By 6.00 pm we still had not found Lasher but had another problem. Lincoln, a full brother to Lasher had been put into the van earlier in the day as he was off form, staggering and trembling. We suspected the possibility of he having picked up poison from one of the sheep farms we hunted over earlier. Once back at the kennel, we dosed him with washing soda in the attempt that he would throw up what he had ingested. He appeared to be making a recovery, but to give him every possible chance it was off to the veterinary surgery at 7.30 pm. Unfortunately the vet did not have the same prognosis, his day had come and Raymond the vet advised that he be put to sleep. On the way to the vet, I got a call that Lasher was around Bustins house where we met but he would not come to Sonnie.

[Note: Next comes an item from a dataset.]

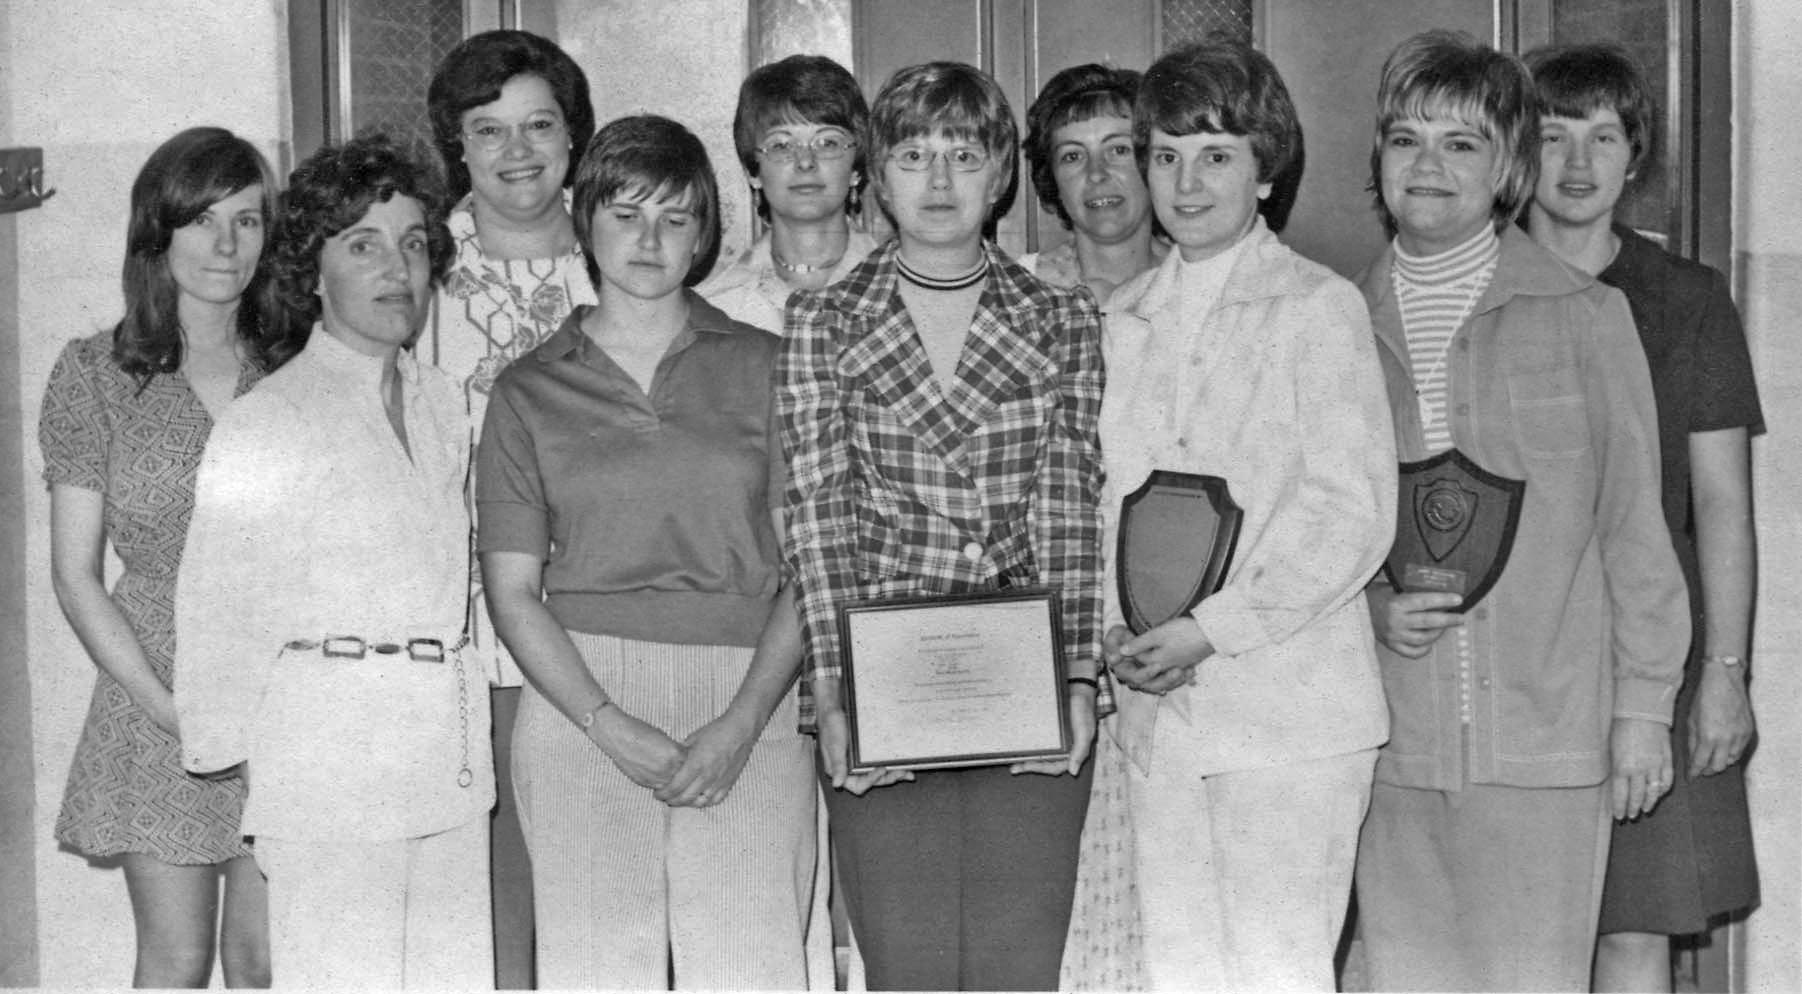 front row: Carol Funk, Cheryl Larson, Pat Merriman, Cathy Hegg and Judy Brisbine; back row: Marla Schlepp, Beatrice Vetter, Mrs. Doug (Sally) Raddershadt, Mary Ann Hopper and Pat Larson-Carsrud.

After leaving the surgery, it was back down to Bustins, but Eddie Harte had just picked up Lasher and had him in his jeep. Amazing the way apparently friendly hounds just won’t come to strangers, and more so when it gets dark. Eventually at 9.45 with Lasher back in the Kennel it was time for a shower and some food for me. A typical twelve hour day devoted to hounds and hunting, all in an amateur sport with professional enthusiasm.